AGAINST A COMPLETE PC

No Composite ERD

+5
source share
2 answers

There are two main projects for relational databases:

  • natural keys
  • identifiers

With natural keys, you use the provided keys: the project is identified by its project number, the user by name or login number, etc. This often leads to compound (or compound) keys:

  • project ( project_no , name, ...)
  • user ( username , first_name, last_mname, ...)
  • project_user ( project_no, username , role, ...)

The project_user table has a composite key: the project number and username, which uniquely identify the record, letting us know who is working on which project.

With identifiers, you usually add a technical identifier that is used only to refer to records and does not matter to the user:

  • project ( project_id , project_no, name, ...)
  • user ( user_id , username, username, last_mname, ...)
  • project_user ( project_user_id , project_id, user_id, role, ...)

Tables contain the same fields plus identifiers, and you need the same unique, but not null restrictions, as with natural keys plus restrictions on identifiers.

Project_user_id in project_user is required, of course, only when there is a table that needs this link. But often each table gets an identifier, whether it is needed or not, just so that everyone looks the same (and therefore identifiers already exist, if they are needed later).

At first glance, it seems that an identifier-based database is just more work, more indexes and nothing works, but it’s not. The concept of ID is often chosen because it gives more freedom. Example: what happens if the project number changes? Using natural keys, the project number is in many tables and must be updated cascade somehow, which can become quite a challenge. In the ID database, you simply change the project ID in one place.
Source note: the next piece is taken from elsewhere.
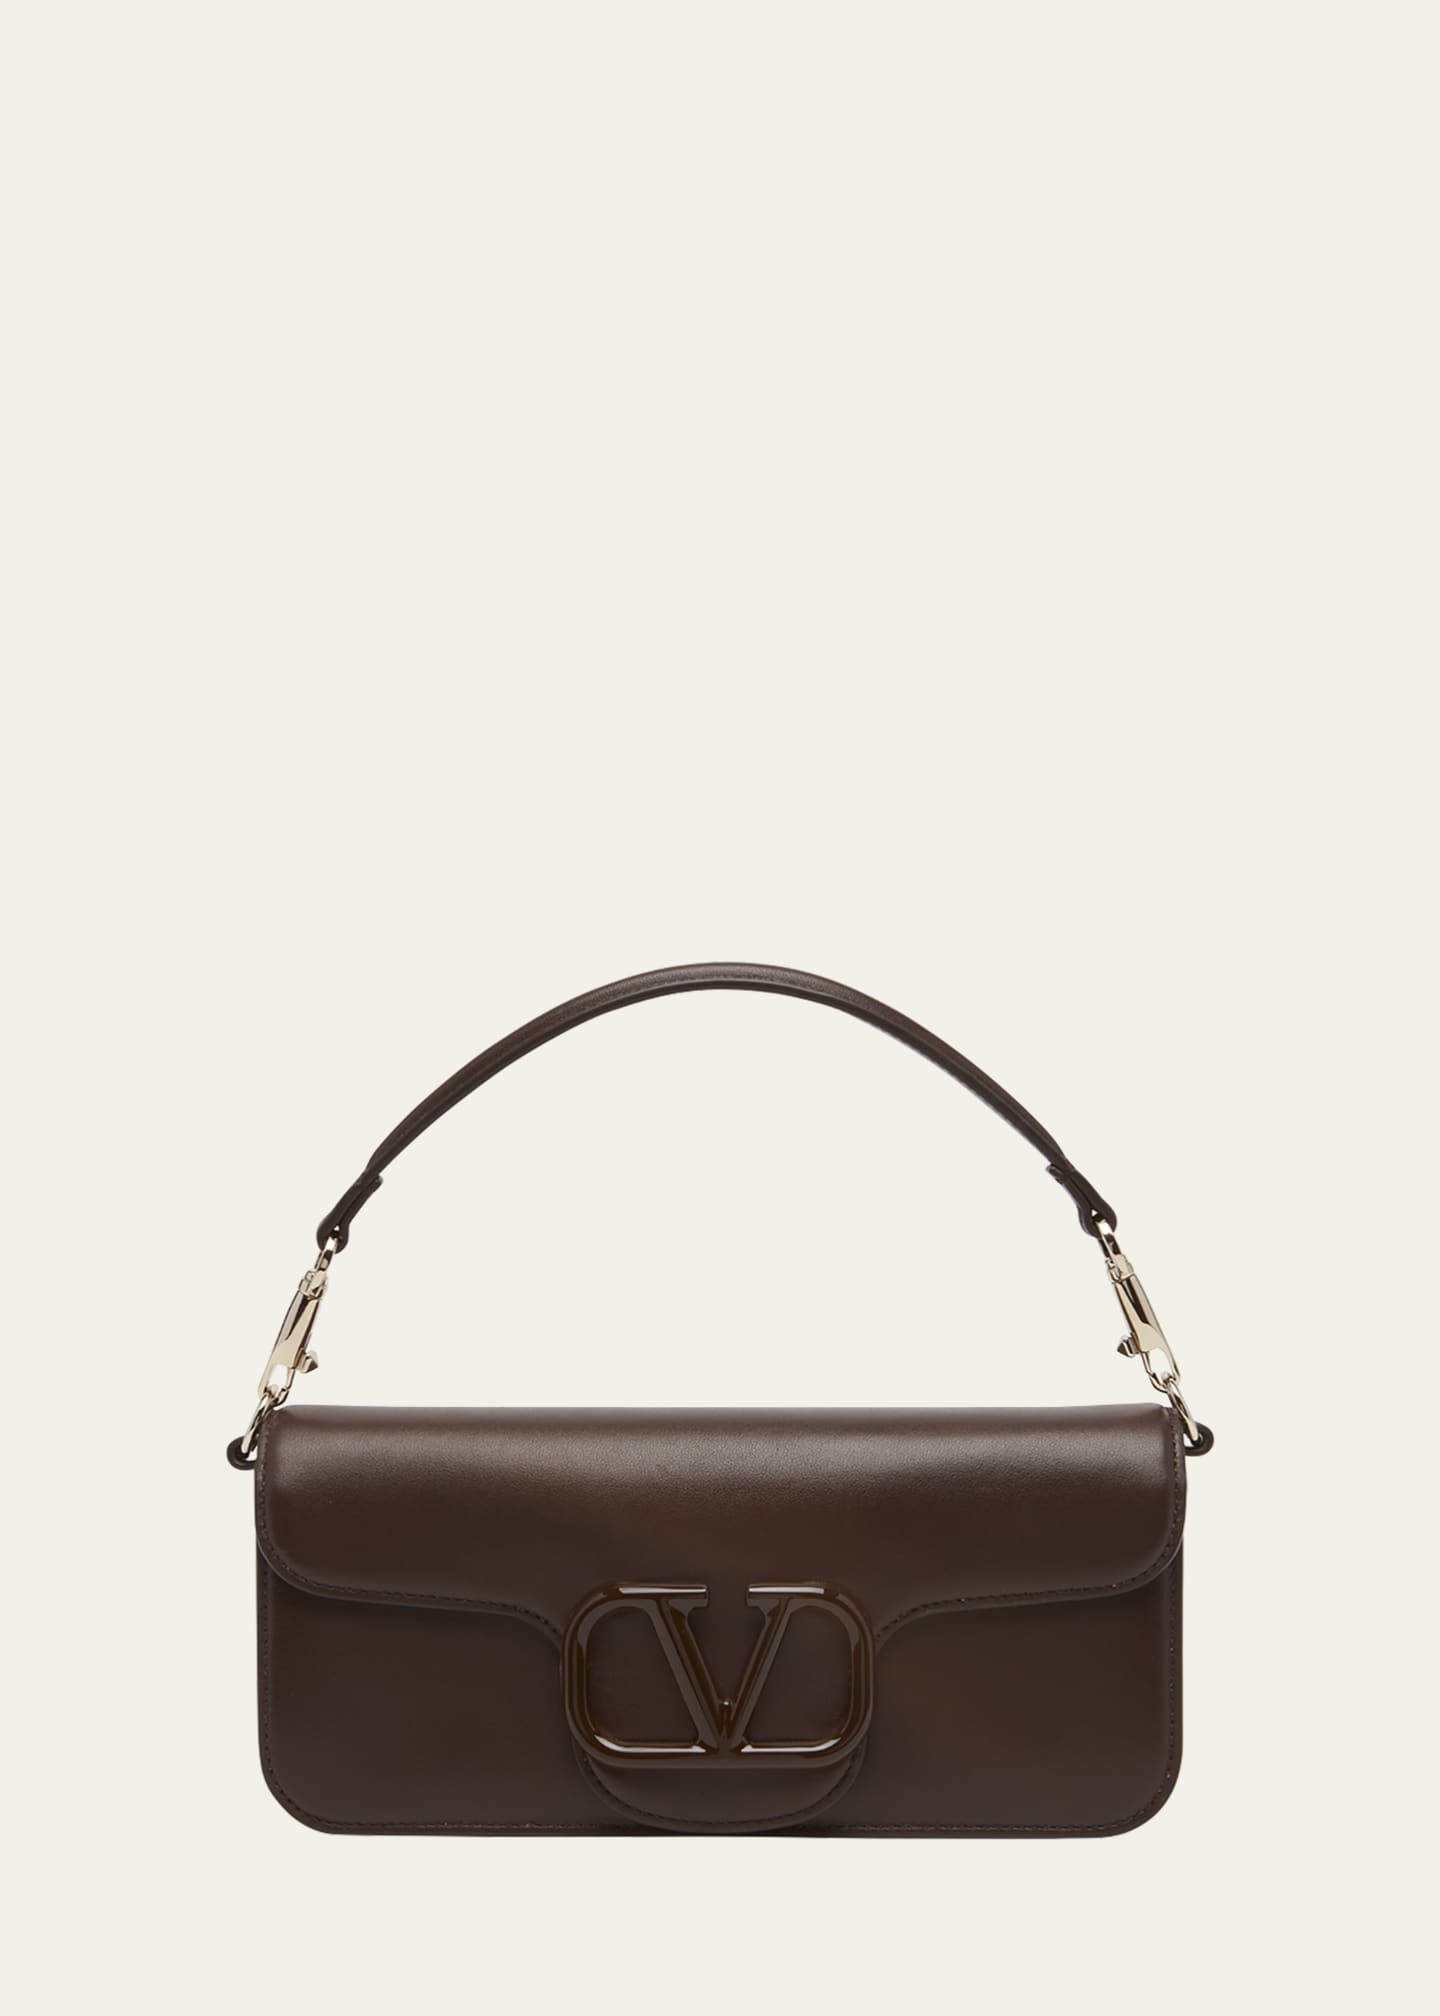 VLogo leather clutch bag

And the hat will happen if suddenly the project numbers are unique only within the company? In an ID-based database, you must add company_id to the project table, add a unique index to company_id and project_no and do with it. Using natural keys, the company number (ILN? Artificial number?) Must be added to the primary key and must be entered in all child tables. So: when you create a database with natural keys, you have to think about all this to get stable natural keys, and sometimes they are not, and then you need to invent them. With identifiers, you don't care if the fields can change or not. Thus, an ID-based database is easier to implement.

Then there is a hierarchy. Suppose you have several companies in your database, each with their own goods, their own warehouses.

Natural keys:

  • company ( company_code , name, ...)
  • item ( company_code, item_no , name, ...)
  • warehouse ( company_code, warehouse_no , address, ...)
  • stocks ( company_code, warehouse_no, item_no , quantity, ...)

identifiers:

  • company ( company_id , name, ...)
  • item ( item_id , item_no, name, company_id, ...)
  • warehouse ( store_id , address, company_id, ...)
  • stock ( stock_id , store_id, item_id, quantity, ...)
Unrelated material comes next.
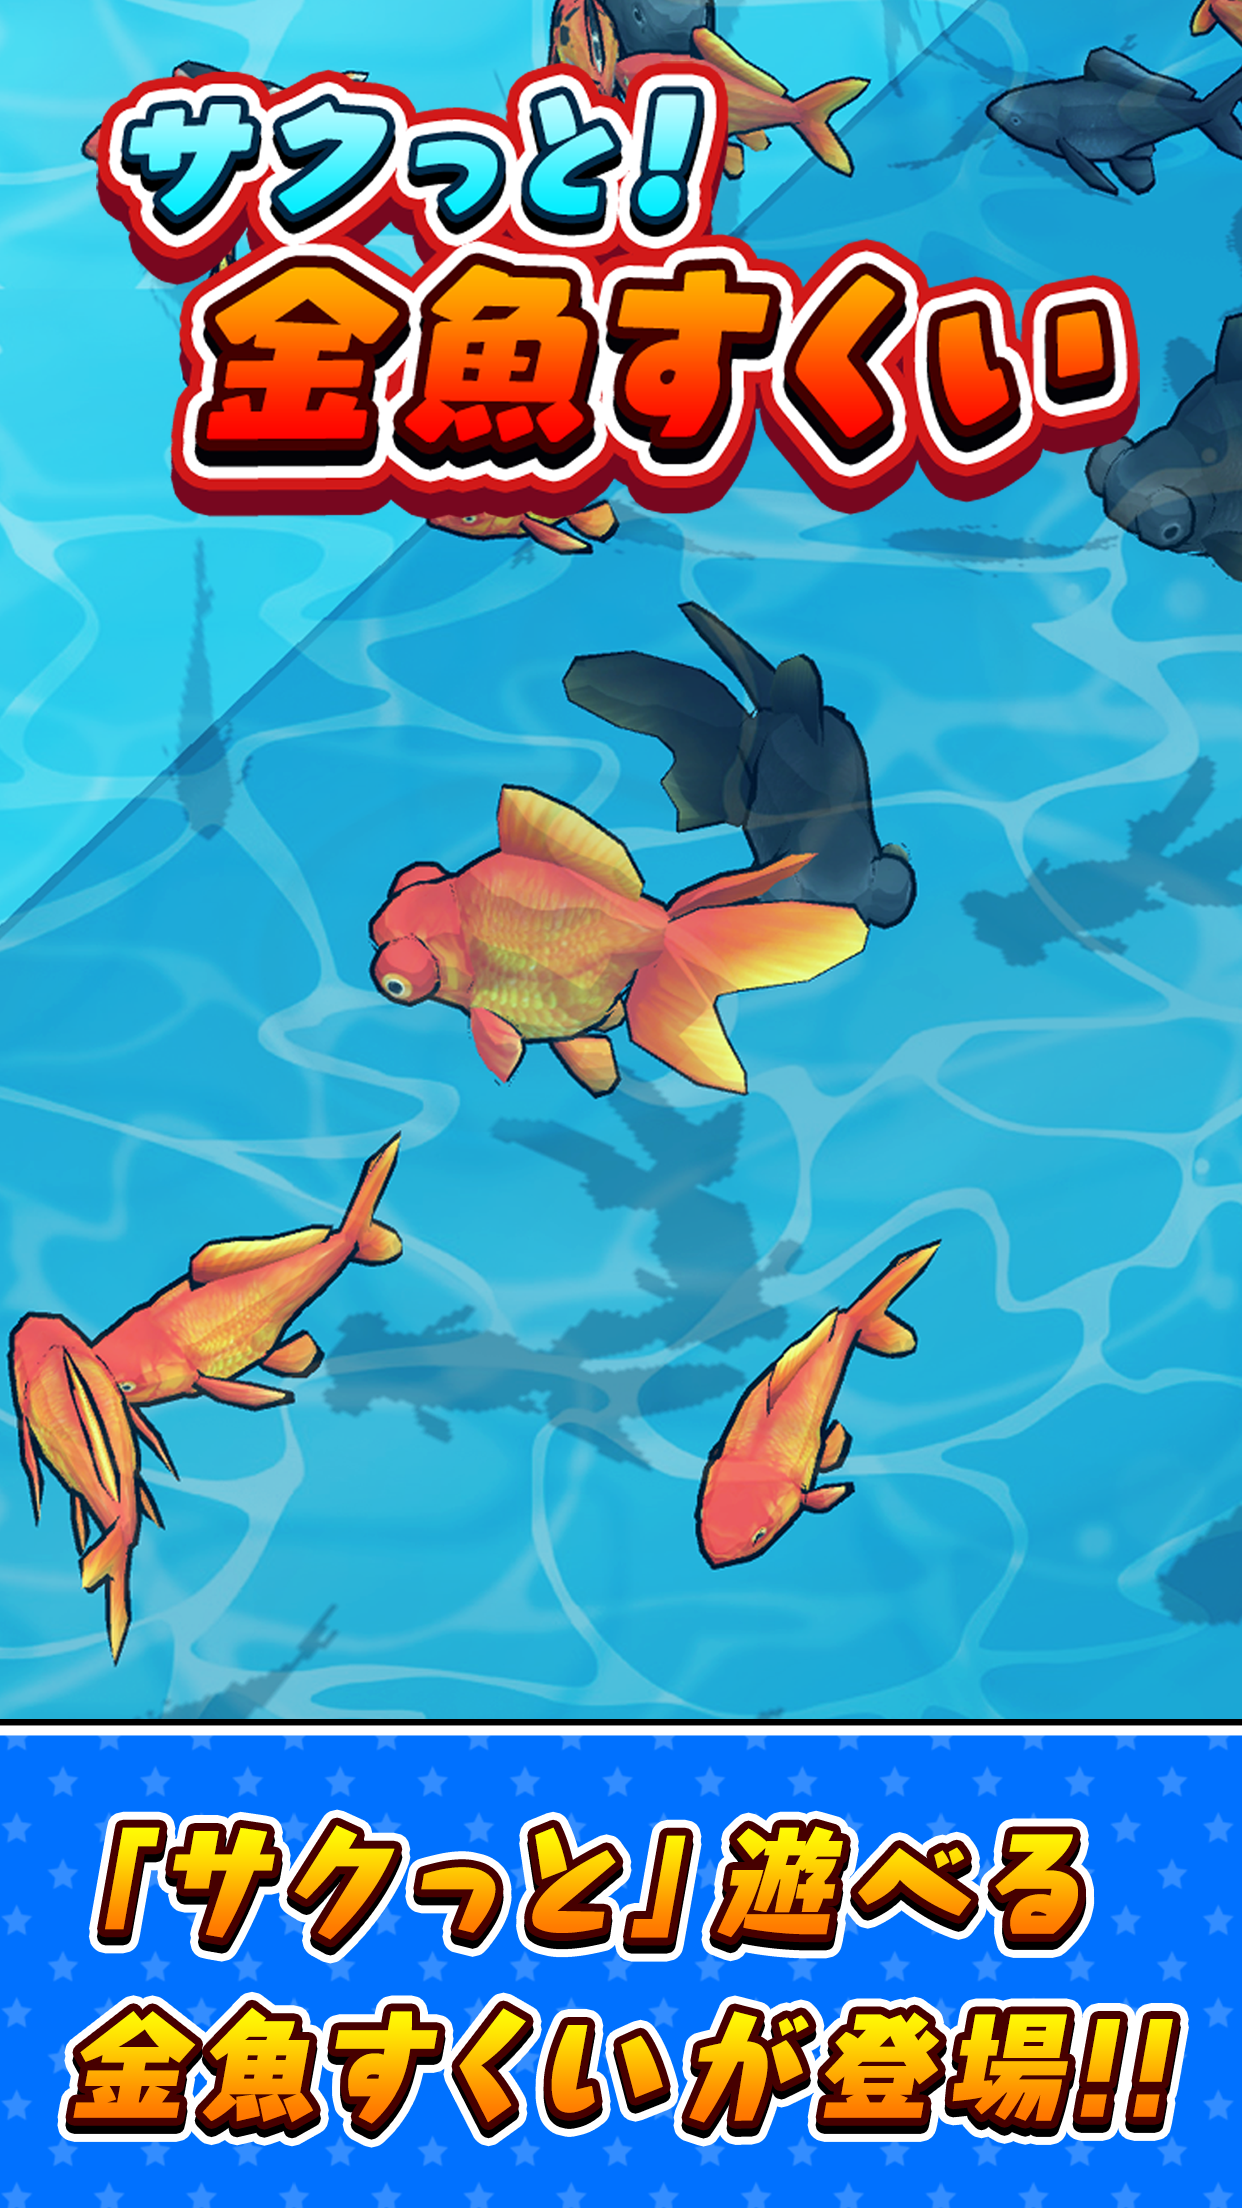 Screenshot 1 of Quickly! Goldfish scooping 1.0.6

With the concept of ID, you do not need to specify company_id in the stock table again, because it is known from the parent table. It would even be redundant to store it, whereas in the concept of a natural key, this is necessary because it is part of a composite key, and without it we will lose touch with its parent tables. Some people consider this purity a great advantage of the identifier concept over natural keys. However, there is a drawback. The natural keys database guarantees that the company’s positions are in the company's warehouses, as the company is part of the share table key. With the ID concept, the associated warehouse entry may belong to company 1 and the related item of company 2. The inconsistent data caused by the incorrect insertion, which the DBMS could not prevent. With natural keys, such an error cannot occur.

And if I want to know how many shares the company has, I just choose natural keys from stocks. But I will need to select from stock plus another table to get the company in the identifier database.

With a large hierarchy, you can receive queries with many, many other tables related to the ID database. So far, I have not seen an ID-based database outperform a natural-key database. But I have seen that key-based databases outperform identities based on them. Perhaps this is due to the fact that basically I saw large databases with a large hierarchy.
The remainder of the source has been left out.